In [2]:
import pandas as pd
import numpy as np
import matplotlib.pyplot as plt
import seaborn as sns

import re
import time
from datetime import datetime
import matplotlib.dates as mdates
import matplotlib.ticker as ticker
from urllib.request import urlopen
from bs4 import BeautifulSoup
import requests

%matplotlib inline

#### Creating a User-Agent

Many websites have certain protocols for blocking robots from accessing data. Therefore, in order to extract data from a script, we need to create a User-Agent. The User-Agent is basically a string that tells the server about the type of host sending the request.

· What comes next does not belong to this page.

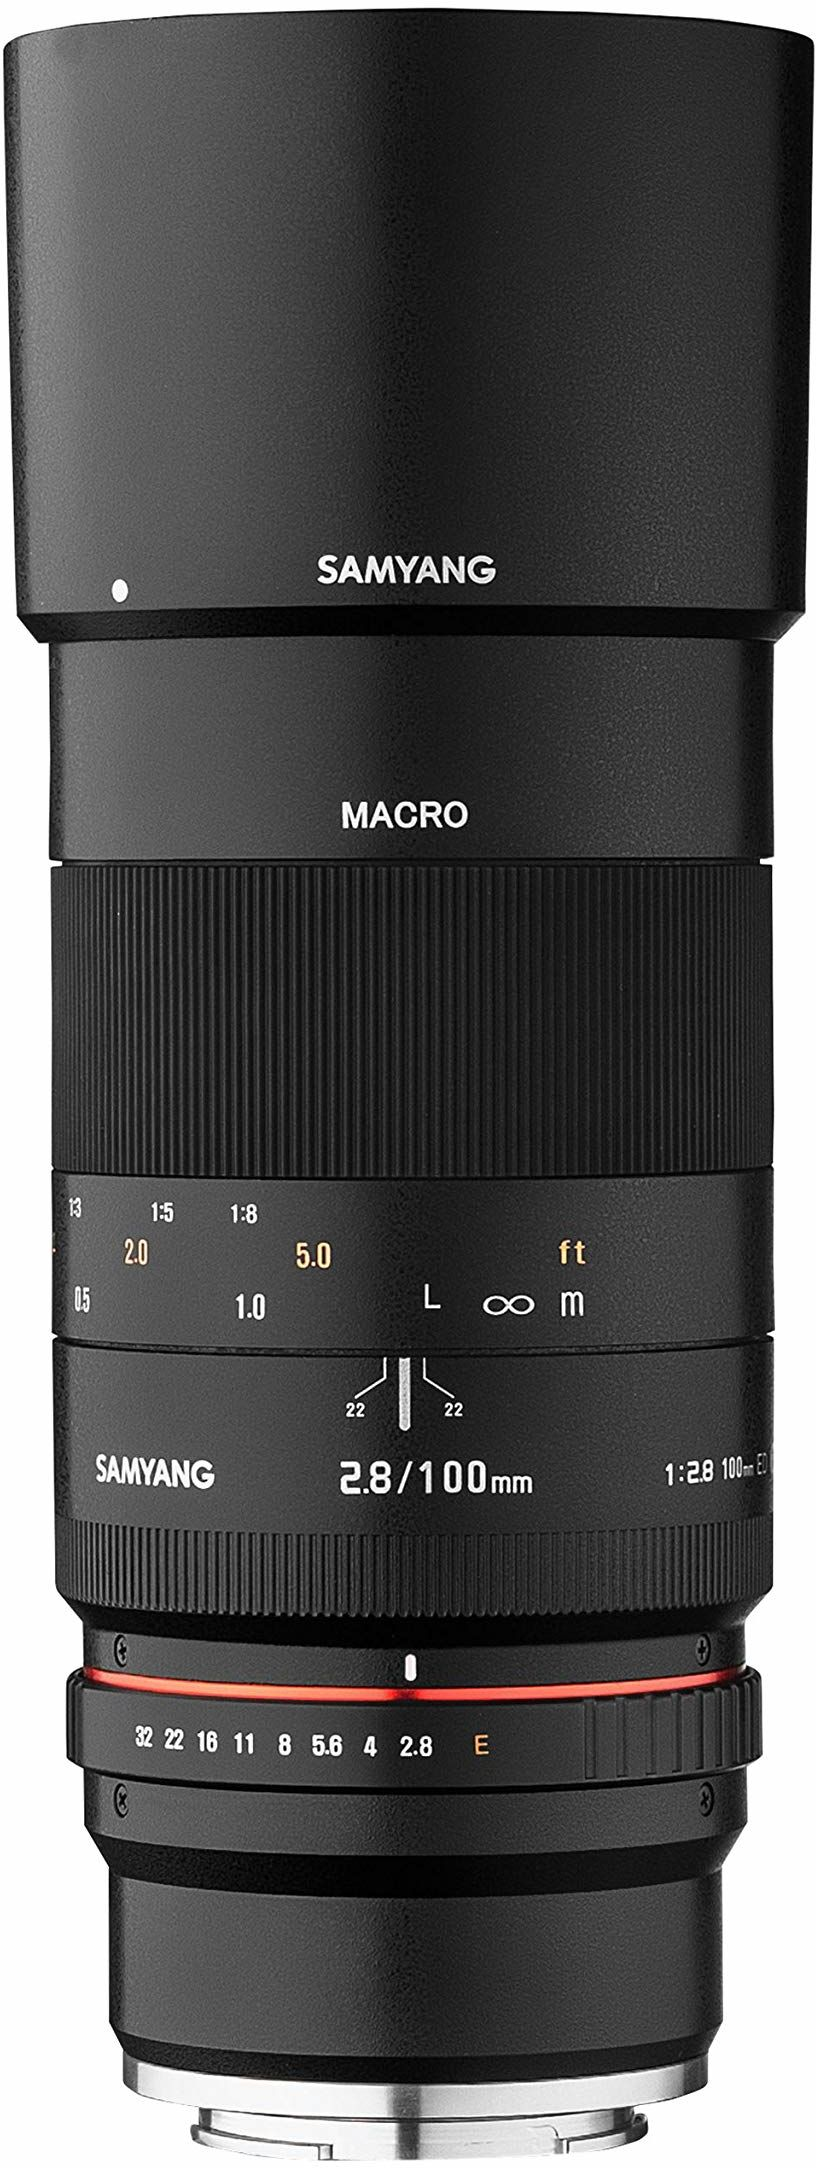 Samyang 100 mm makro F2.8 obiektyw do aparatu Fuji X czarny
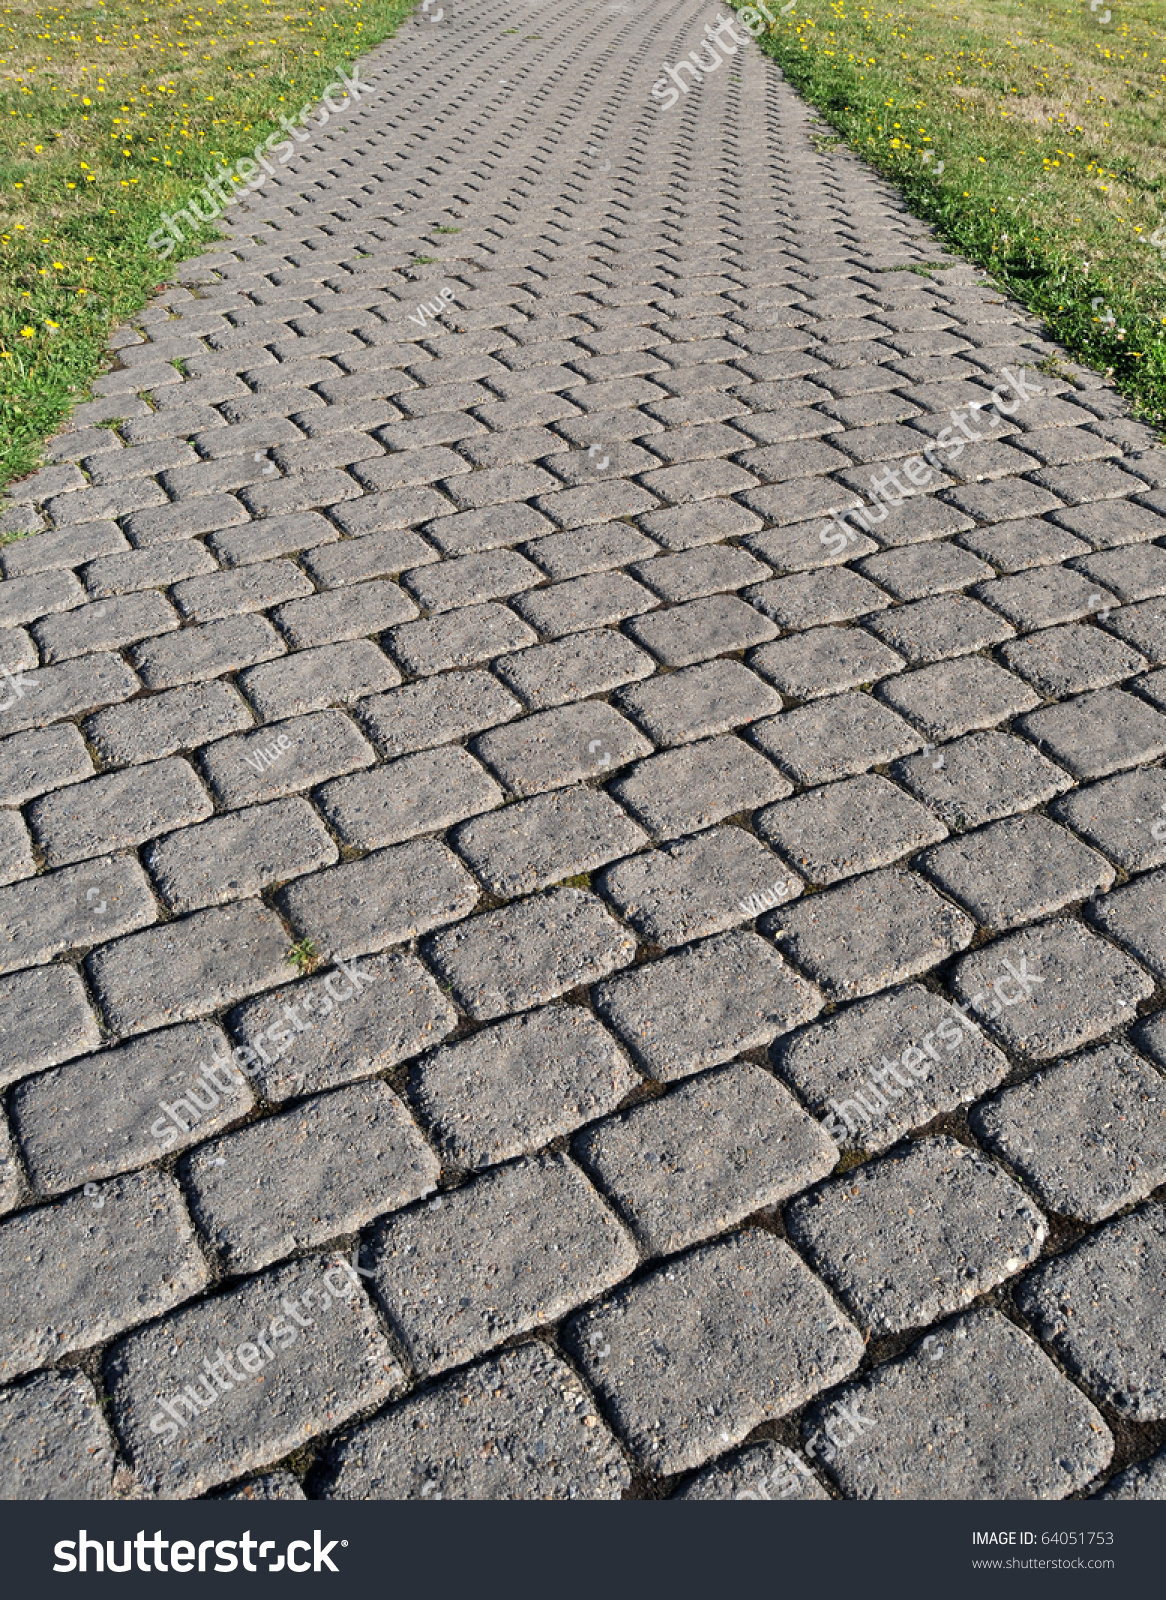 Cobblestone Path Square Bricks Showing Perspective Stock

You can choose user agents from the following [website](https://developers.whatismybrowser.com/).

In [3]:
HEADERS = ({'User-Agent':
            'Mozilla/5.0 (X11; Linux x86_64) AppleWebKit/537.36 (KHTML, like Gecko) Chrome/44.0.2403.157 Safari/537.36',
            'Accept-Language': 'en-US, en;q=0.5'})

# There is an extra field in HEADERS called “Accept-Language”, which translates the webpage to English-US, if needed.

#### Sending a Request to a URL
A webpage is accessed by its URL (Uniform Resource Locator). With the help of the URL, we will send the request to the webpage for accessing its data.

In [4]:
URL = "https://www.amazon.com/Sony-PlayStation-Pro-1TB-Console-4/dp/B07K14XKZH/"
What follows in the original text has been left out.